Today, Rep. John Boehner (R-OH) is “preparing to unveil a major economic initiative” aimed at “economic recovery.” Based off of an earlier “alternative” to Rep. Nancy Pelosi’s stimulus package – and outlined in a memo circulated last weekend – Boehner’s plan includes tax cuts for coprorations and zeroing out the capital gains tax.
Ultimately, the plan is a mere conglomeration of ideas plucked from the conservative tax cut wishlist and won’t do what Boehner intends:
- If we cut taxes on small businesses, they’ll use the money to create jobs.

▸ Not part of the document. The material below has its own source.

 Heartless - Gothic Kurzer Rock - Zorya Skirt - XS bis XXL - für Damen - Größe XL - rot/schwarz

As the Wonk Room has previously noted, tax cuts do not spur business investment. Private business investment actually rose after President Clinton’s tax increases and fell after both the Reagan and Bush tax cuts. As Princeton professor Uwe E. Reinhardt wrote “I would challenge supply-siders to explain why the owners of small businesses — say, restaurants — would expand the capacity of their establishments or build new restaurants at a time when customers stay home, even if they were given a tax cut on the income from their restaurants.”
- A zero capital gains tax is the fastest way to rebuild Americans’ 401(k)s.

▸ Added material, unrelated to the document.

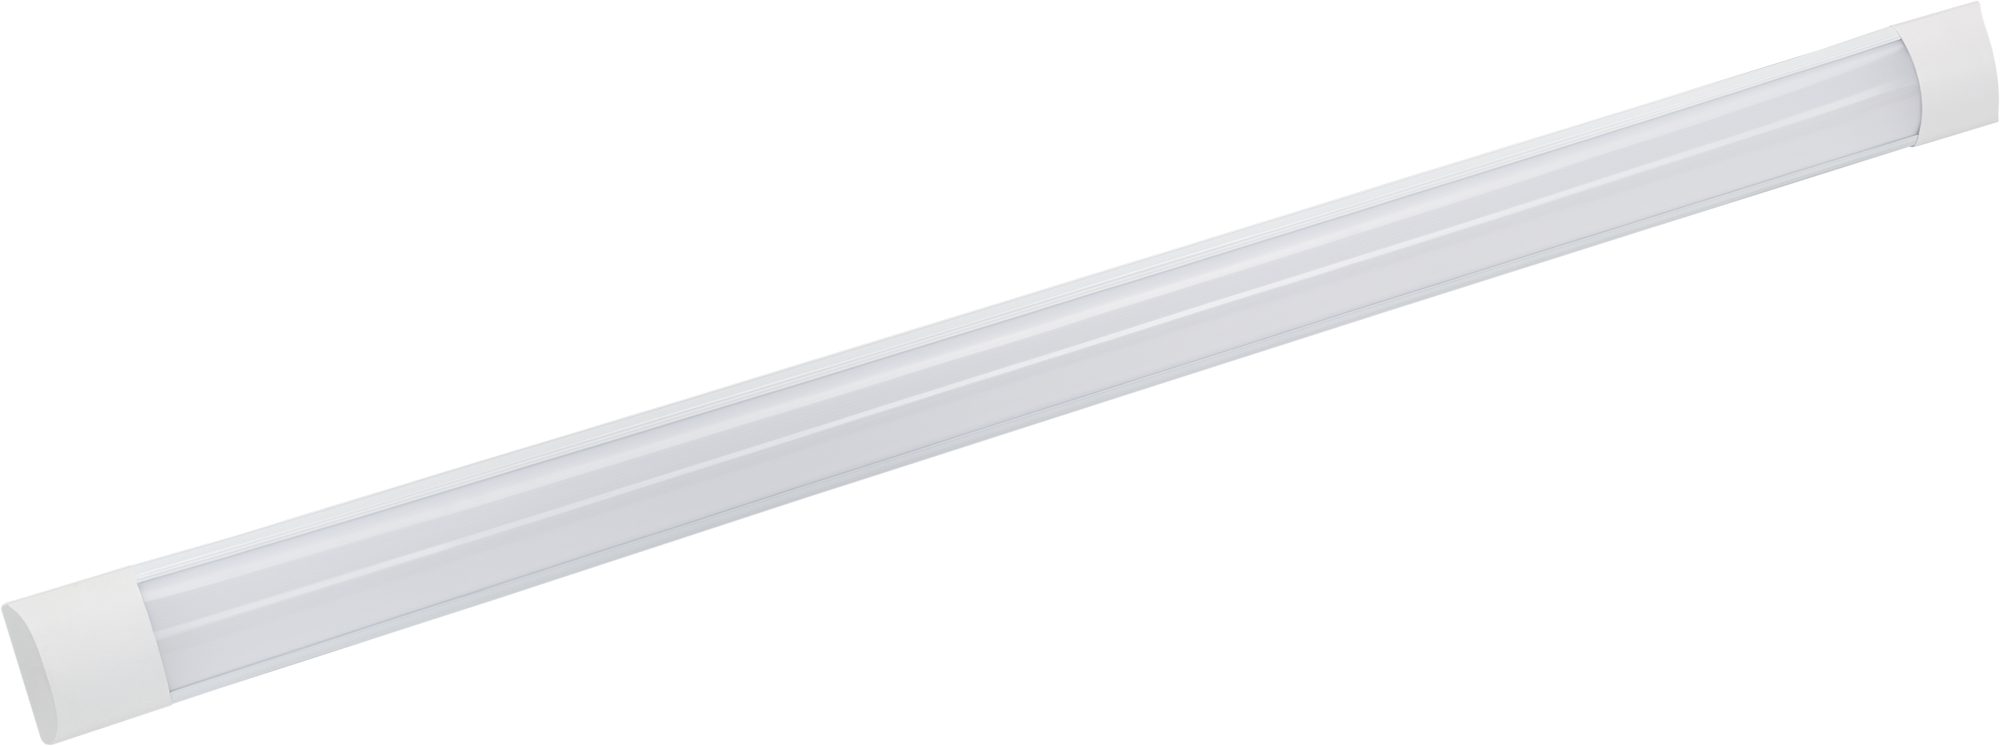 Светильник линейный светодиодный Gauss 1200 мм 36 Вт холодный белый .

The benefits from a capital gains tax cut go overwhelmingly to millionaires, particularly given the current economic climate, in which “the middle class doesn’t collect capital gains, or dividends, in any material amount.” As Michael Ettlinger pointed out “benefits of capital gains tax cuts overwhelmingly go to those who own capital assets outside of retirement.” Furthermore, Ettlinger noted “a 0% capital gains rate would in fact be a disaster for the market.” “Given the uncertain times we face, it’s far more likely that a zero rate on capital gains would prompt a massive exodus from the market than a massive entry into it,” he wrote.
Boehner is also proposing a reduction in the corporate tax rate from 35 percent to 25 percent. As the Wonk Room has noted over and over, this proposal does not create jobs. A study by the Center for American Progress Action Fund found that increased corporate profits do not trickle down, and that corporations invest little in new commercial structures such as factories and office buildings.
As evidence that his plan will be well received, Boehner cites a New Models/Winston Group survey showing that “the American people overwhelmingly believe the focus of government economic policy should be economic growth and jobs, not income redistribution or ‘spreading the wealth around.'” However, according to the latest Pew Research poll, “only 25 percent of the public agrees with the centerpiece of the conservative tax program: making all of the Bush tax cuts permanent.”
Instead of presenting a
bailout stimulus package economic recovery plan based on trickle-down tax cuts – much in the manner of Sen. James Inhofe (R-OK) – Boehner should take a serious look at stimulus thru infrastructure investment, an idea which is gathering widespread support and could actually help the economy recover.